*** Opening Supplied material ***
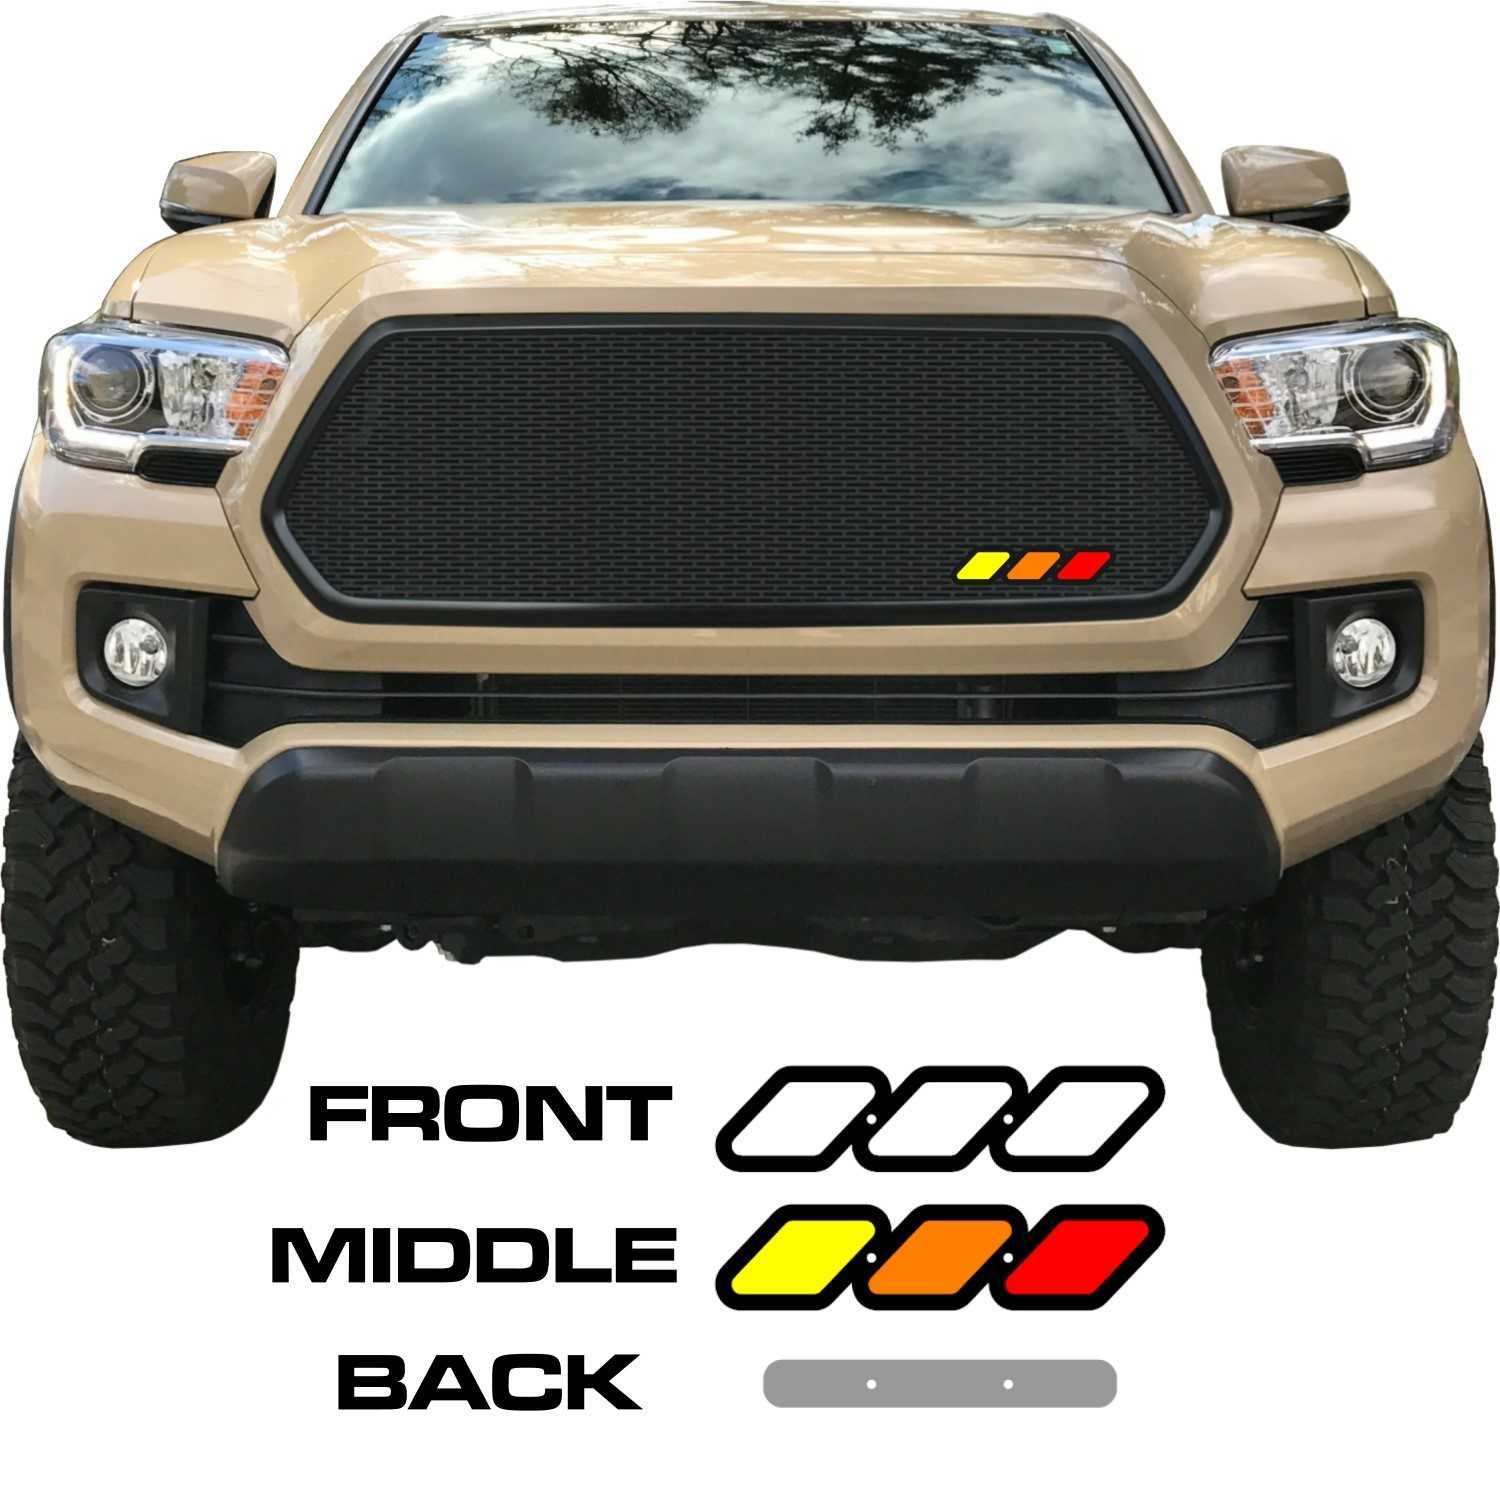 1.75in x 7in Tri-Color Emblem for Toyota Grilles
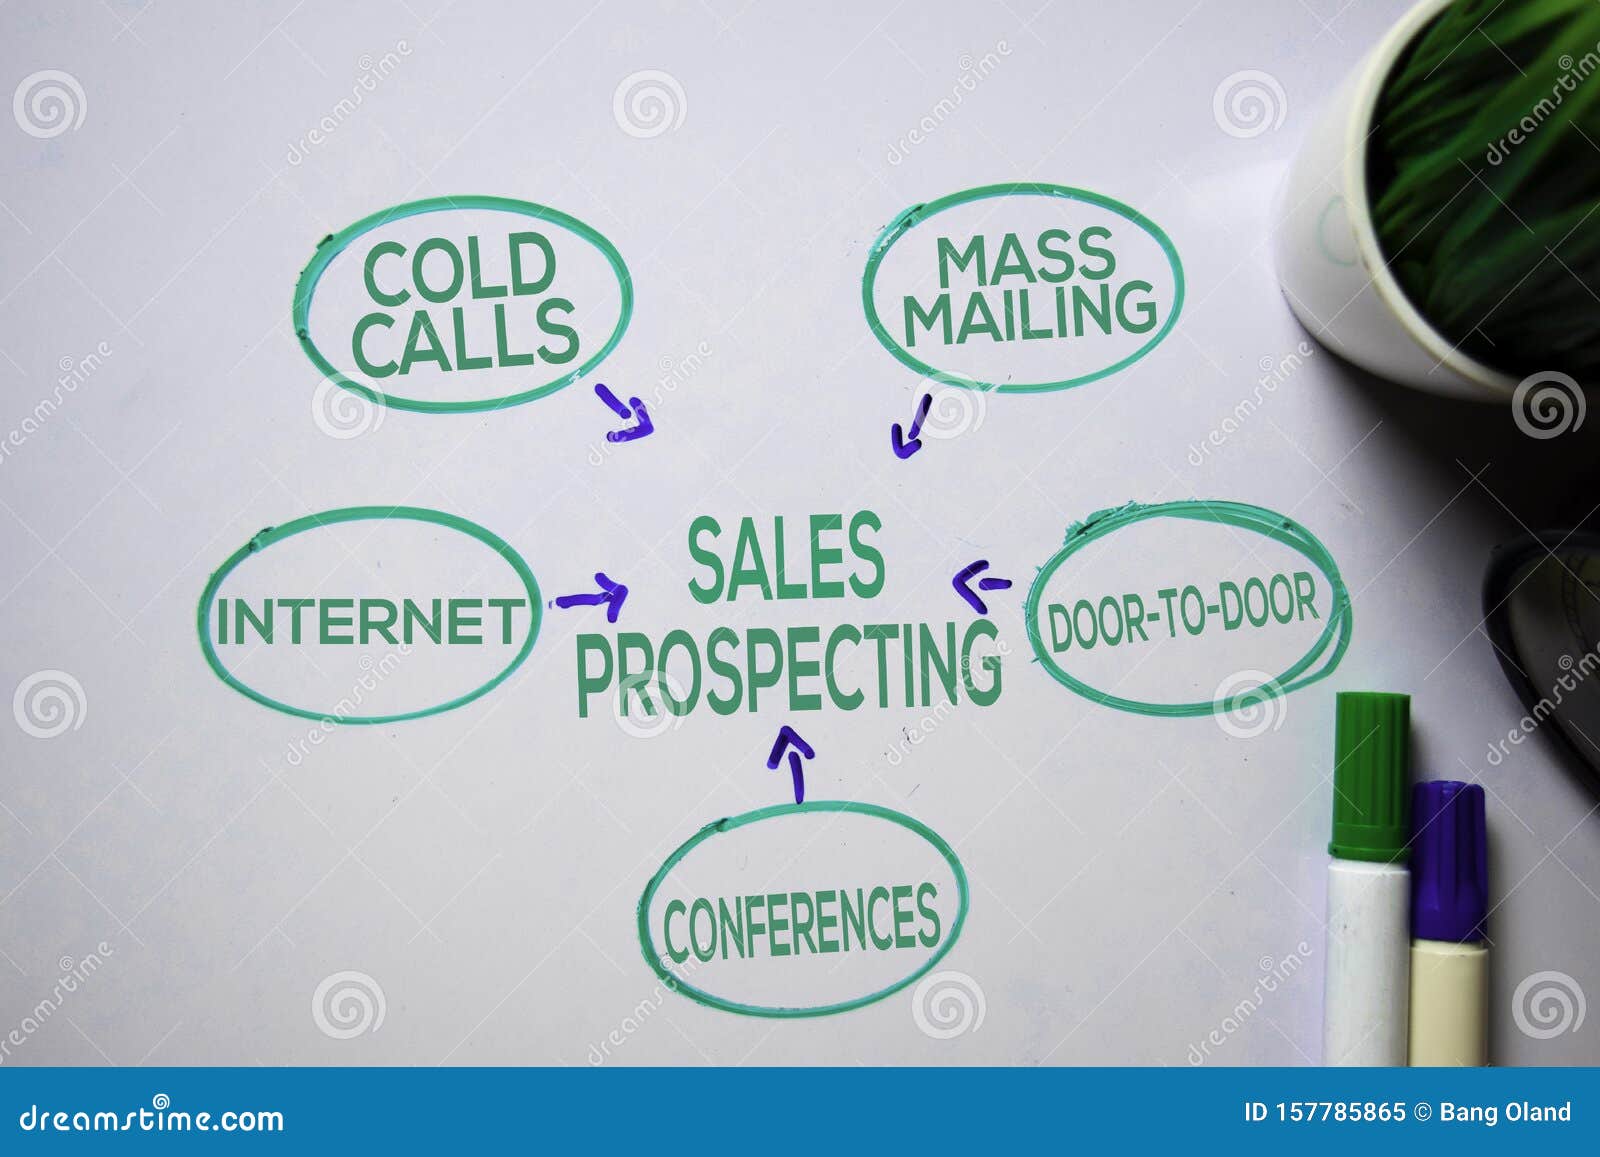 sales prospecting text with keywords  on white board background. chart or mechanism concept
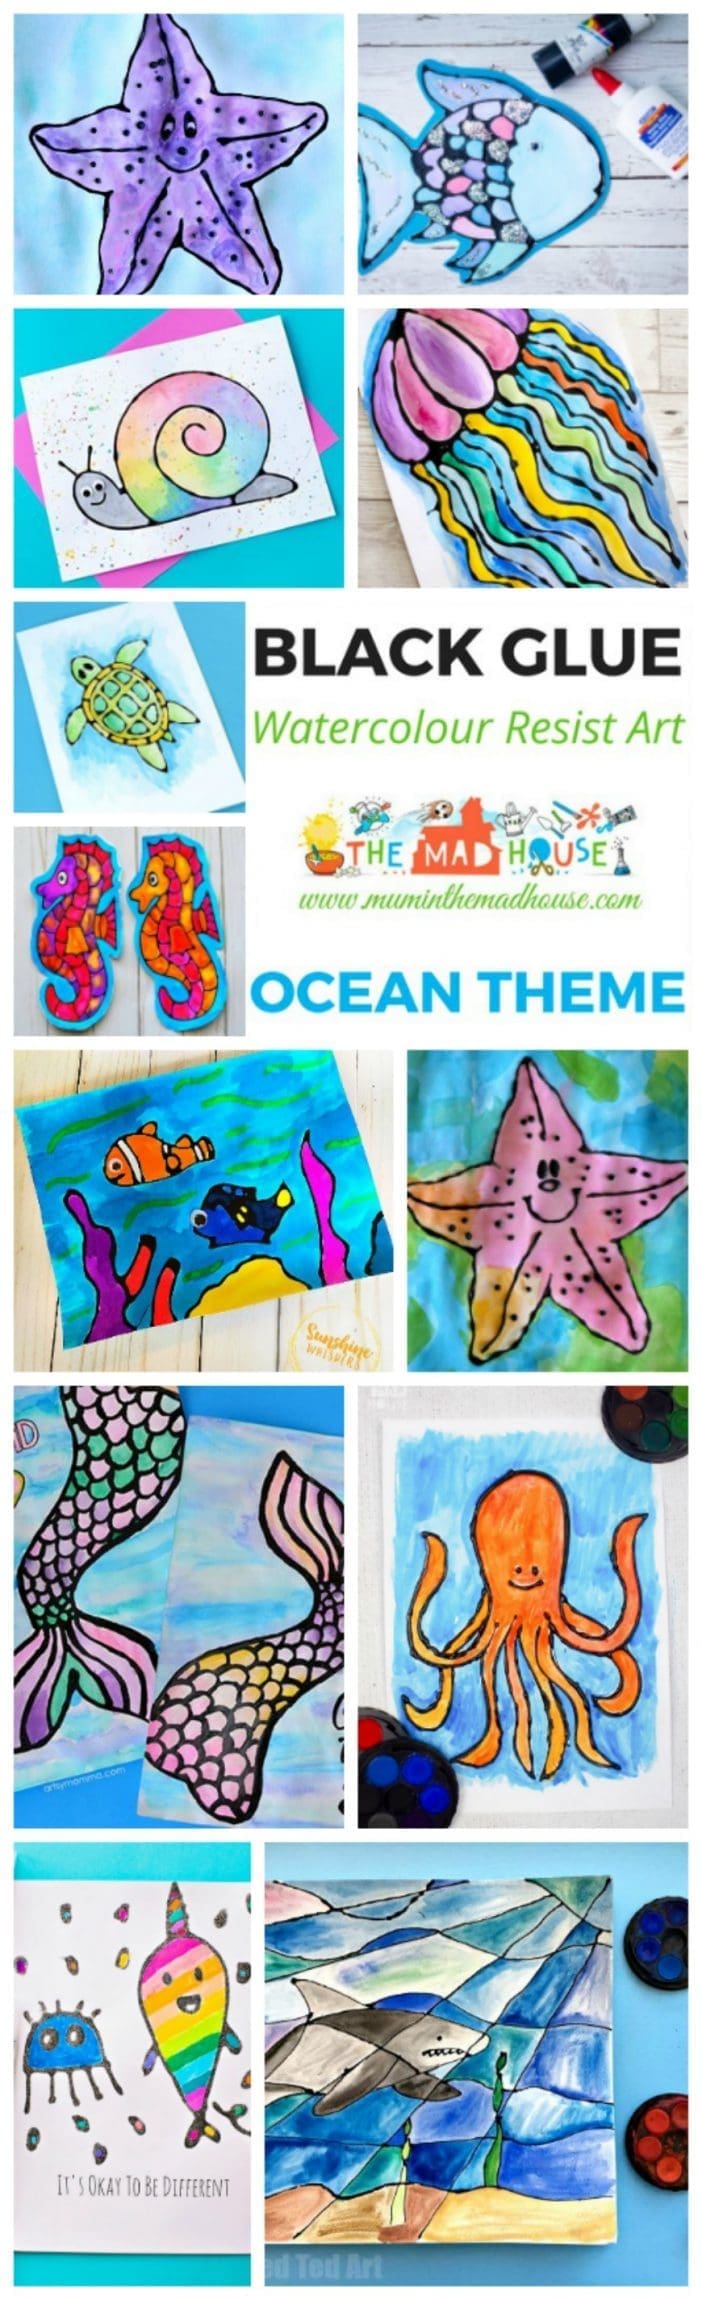 The complete under the sea watercolour glue resist Roundup. Yes, Ocean Watercolour Glue Resist Art Ideas many with free printables to make it e
*** Closing Supplied material ***
What needs to be done: Reproduce the full listing verbatim so that only the pictures are missing.

Answer section:
 1.75in x 7in Tri-Color Emblem for Toyota Grilles
 sales prospecting text with keywords  on white board background. chart or mechanism concept
 The complete under the sea watercolour glue resist Roundup. Yes, Ocean Watercolour Glue Resist Art Ideas many with free printables to make it e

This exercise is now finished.